31/01/2011

Pourquoi la main droite ne sait pas ce que fait la main gauche ?

Il suffit de s'observer au cours d'une journée pour se rendre compte que l'on n'est pas toujours présent à ce que nous faisons. En réalité, dans notre vie quotidienne, il y a de longues plages d'absence et d'inconscience. Il s'agit de notre état naturel pour ainsi dire, un état où règne l'indifférenciation. De temps à autre nous émergeons pour reprendre contact avec nous-même et nous réalisons alors que nous existons en tant qu'entité séparée. Cette réalité est perturbante en soi. Elle l'est encore plus si vous êtes à même de constater que ce n'est jamais tout à fait la même personne qui est là. Par exemple, vous vous êtes sans doute déjà aperçu que vos états intérieurs peuvent changer en l'espace de quelques minutes.

Pire encore, au moment d'une prise de décision, nous sommes à même de prendre conscience qu'il y a des volontés différentes en nous et qu'elles ne vont pas toutes dans la même direction. N'importe quelle personne qui a tenté de s'abstenir de sexe, d'alcool ou de sucre a vécu l'expérience de se retrouver presque sans s'en rendre compte à faire ce qu'elle ne voulait pas faire.

Ces divers éléments témoignent du fait que nous ne sommes pas seuls dans notre propre maison. Il y a plusieurs personnages qui se disputent le poste de direction. Ces sous-personnalités s'appellent des complexes et tout comme le moi conscient, elles ont une histoire, des souvenirs et une volonté propre. Ces réalités traduisent l'état de dissociation de la psyché humaine. La psyché ne parle pas d'une seule voix.

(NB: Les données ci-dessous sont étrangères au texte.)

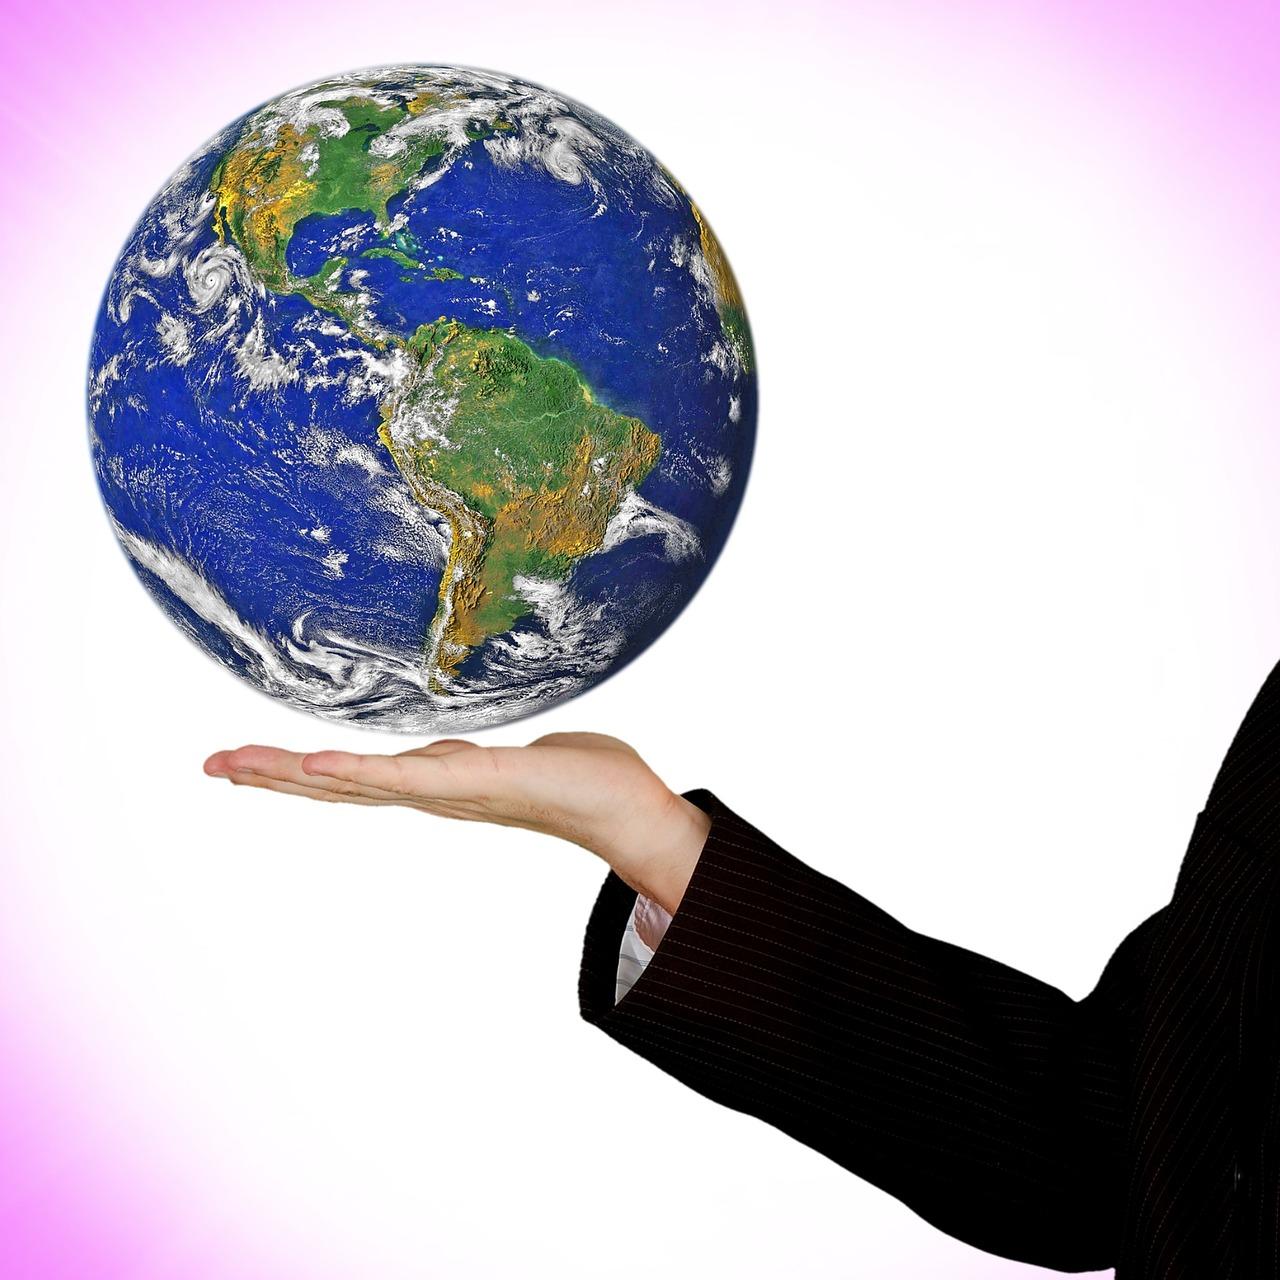 earth-1964824_1280

Elle ressemble à une collection d'états affectifs connectés ensemble de façon très relâchée. Voilà comment la main gauche peut en arriver à faire quelque chose que la main droite ignore, comme le dit l'expression populaire.

Le moi, ce qui permet de dire je, n'est qu'une voix parmi les autres, une voix à laquelle nous nous identifions plus régulièrement mais qui est en fait de la même nature que les autres voix. En effet, le moi est un complexe comme les autres, une partie de nous qui s'est différenciée graduellement et qui a pris le pouvoir. Toutefois, ce moi demeure perméable à toutes les influences de l'inconscient. Ceci va lui permettre de se transformer au cours de l'existence en accueillant ces influences, mais d'autre part, cela le rend fragile.

Psychologie du moi et psychologie du soi.
Je vous parle de tout ceci pour vous amener à mieux distinguer la psychologie du moi de la psychologie des profondeurs et de la spiritualité. La psychologie du moi nous parle du développement de ce dernier et s’attache à favoriser l’émergence du moi par rapport aux autres complexes ainsi qu’à permettre l’affirmation de celui-ci en tant que centre de la conscience. Cette évolution est d’une importance capitale pour avoir un sens de sa propre identité, même si par définition elle restera fluctuante.

La psychologie des profondeurs reconnaît l’inconscient et s’occupe du moi lorsque celui-ci se rend compte qu’il n’est pas seul dans sa maison et qu’il y a d’autres personnages à l’intérieur de la psyché qui prennent parfois la parole à son insu. C’est l’essentiel de la révolution apportée par la psychanalyse. Jung a repoussé les limites de cette psychologie en notant que malgré l’état de dissociation de la psyché, il y avait également en nous une tendance à l’unification qu’il a appelé le soi. C’est ainsi qu’en anglais on distingue la psychologie du moi –ego psychology- de la psychologie du soi –self psychology.

Dans son aspect proprement psychologique, la recherche du soi aboutit à devenir soi-même de la façon la plus originale possible. Dans son aspect spirituel, la quête de soi manifeste la fonction religieuse de l’être, une fonction essentielle qui pour but de relier la personne à quelque chose de plus grand qu’elle. Indépendamment de toute pratique institutionnalisée, la spiritualité exprime donc la façon dont la pulsion ou la tendance naturelle au sacré est vécue.

Ainsi à l’aube de la vie, il y a un état d’indifférenciation d’où émerge un moi différencié qui par la suite refait l’expérience de l’unité en réalisant un rapport conscient avec le soi au sein d’une démarche psycho-spirituelle. Ceci constitue le parcours de l’individuation de l’être, tel que défini par Jung. Il reste qu’arriver à prendre la responsabilité pour tout ce qui se passe en soi représente un haut accomplissement pour un être humain. C’est ce dont nous discuterons la prochaine fois.